The surgeon’s office put “16 weeks” on the form for Lynn’s work, which just about gave her boss heart failure, but knowing Lynn as we all do, the hard part isn’t going to be making her go back to work, it’s going to be keeping her from going back too early. She isn’t called “Ms. Patience” for nothing.
And so today I mostly just feel worn out, too worn to summon a false sense of cheer for you readers, no matter how much you were hoping for that. Not that you’re ever going to catch me anywhere near such an event, but I feel like we are all in the final quarter of an ultramarathon. We know we’ve run most of the race, but we’re very tired and there’s probably still an entire regular marathon of miles ahead of us. There’s no point in quitting now, but wouldn’t it be nice to just stop for a minute or two and rest?
So that may be what happens in our house today, which I think is all any of us ought to ask of Christmas this year. A moment of respite in a long and profoundly different year, with a ways yet to go to get to “normal,” which probably will never look exactly like it did before.
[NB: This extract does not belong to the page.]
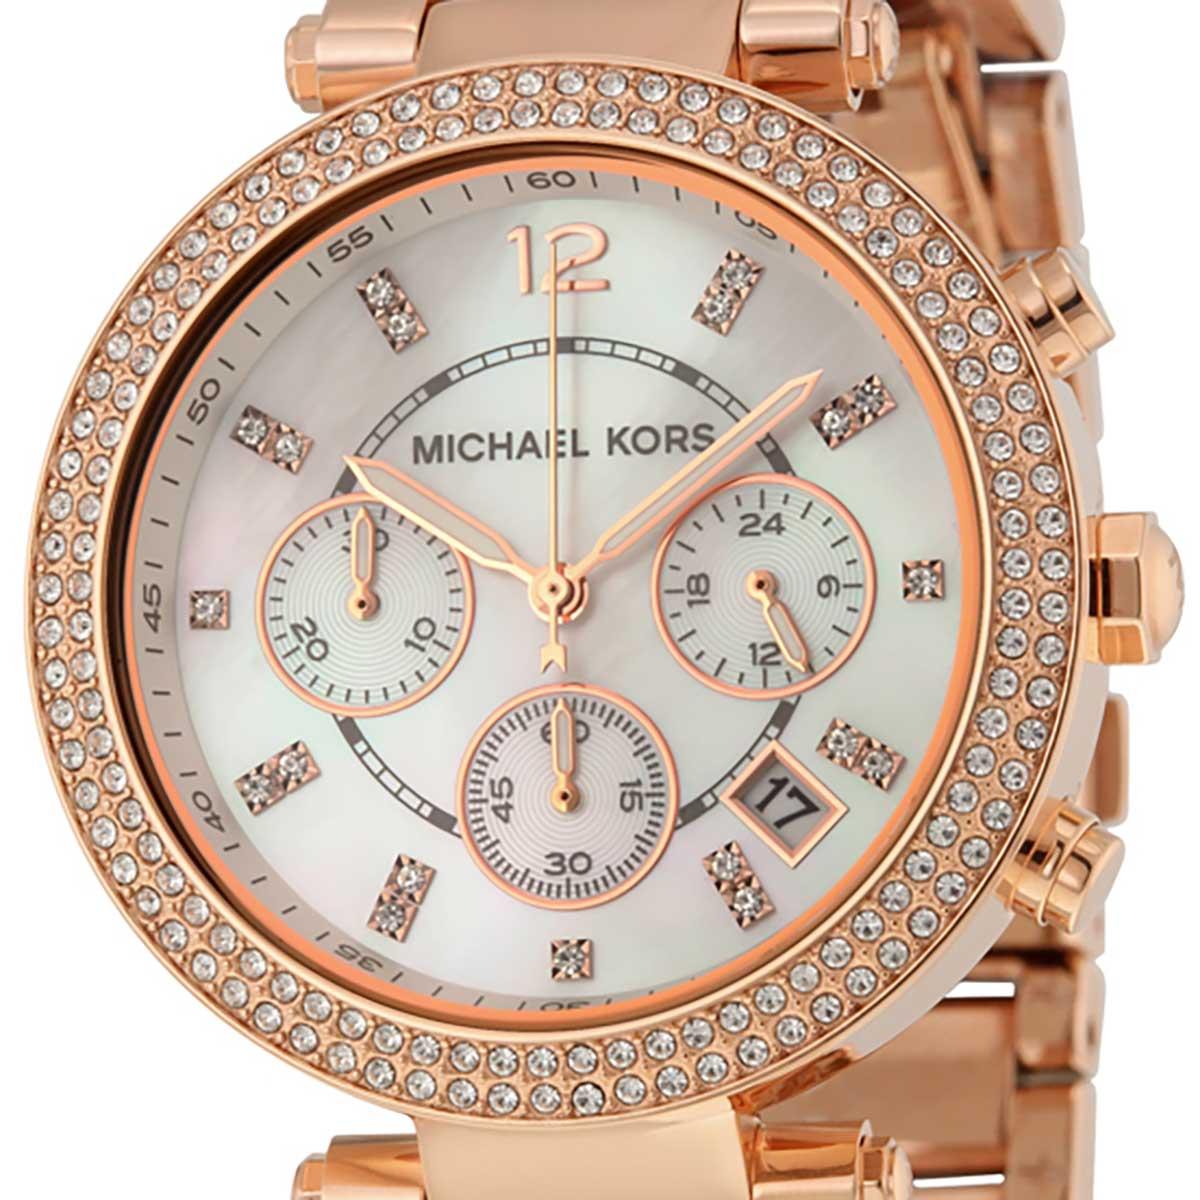 Michael Kors マイケルコース クォーツ 腕時計 米国 ファッションデザイナーズ [MK5491] 並行輸入品 純正ケース メーカー保証
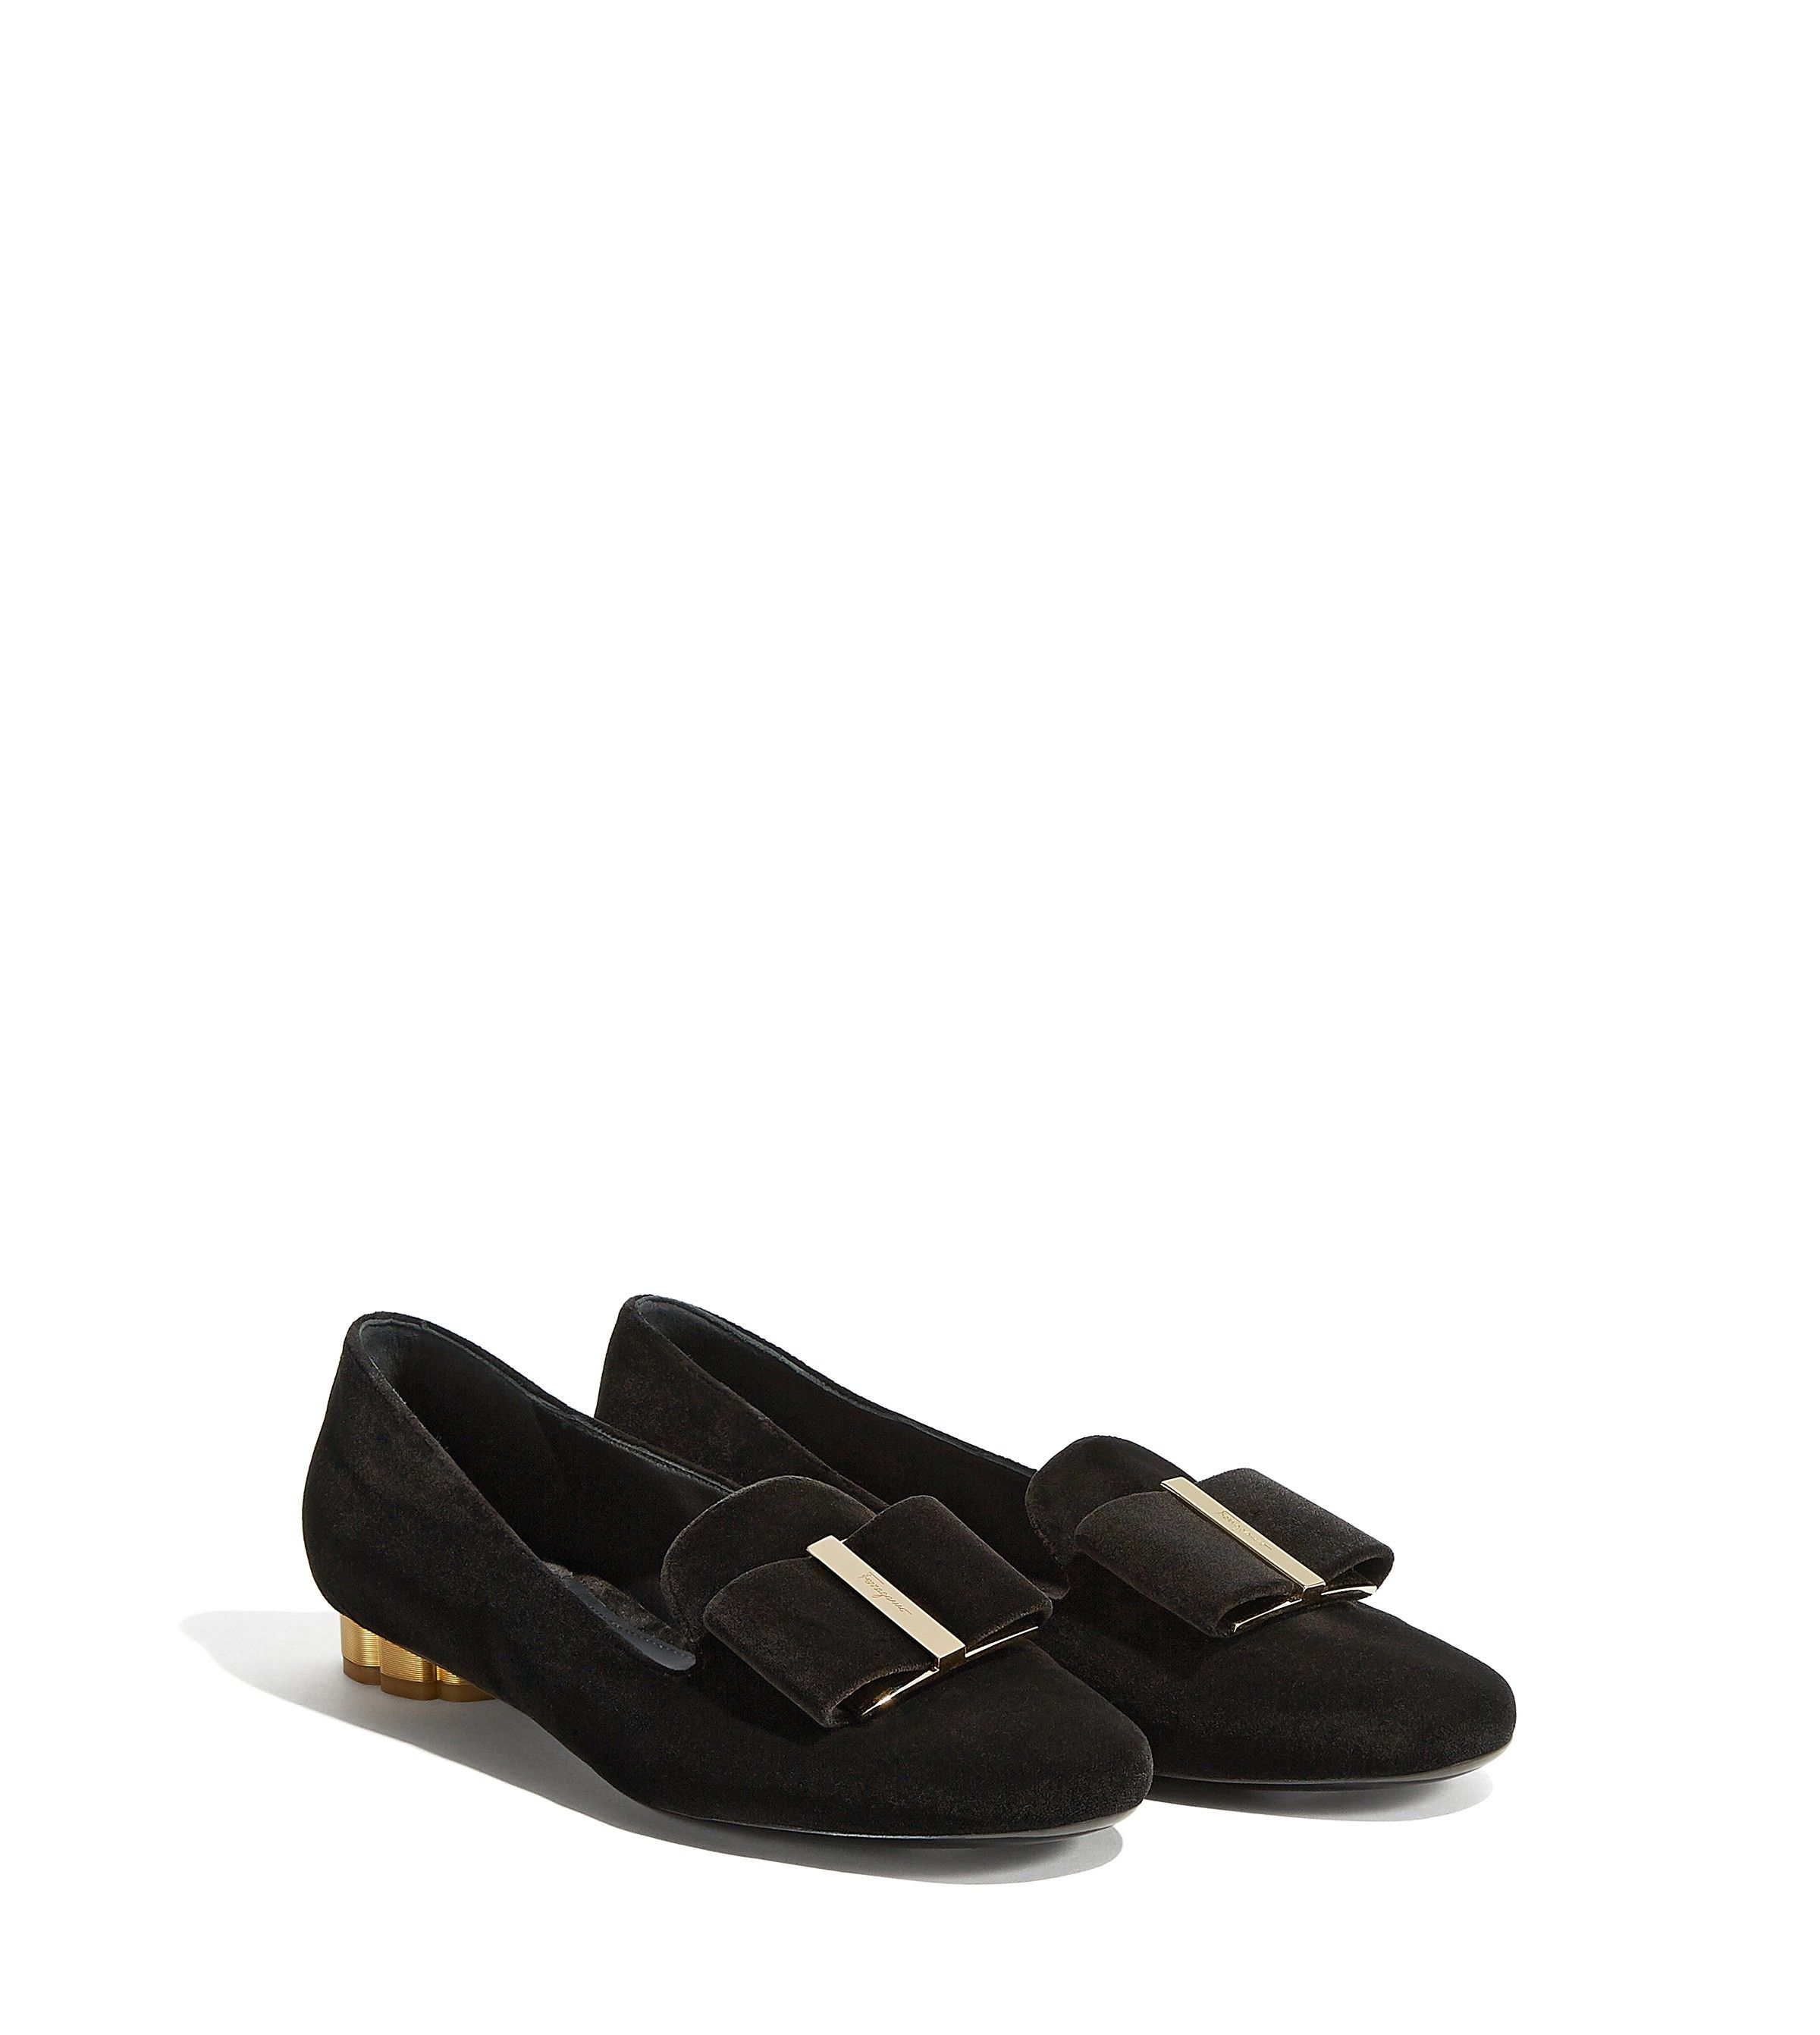 Salvatore Ferragamo Women's Sarno Flower Heel Smoking Loafer 4xQJjS

My wish to all of you is that you are having a joyful Christmas, but if can’t be that this year I get it (totally get it), and then I hope it can at least serve as a moment of recovery before we all push ourselves to our feet and aim once again for a finish line.
And before I forget, thank you for reading. I don’t mean to take you for granted, although perhaps I do. But I appreciate you taking time from your day to read my ramblings — it means a lot to me.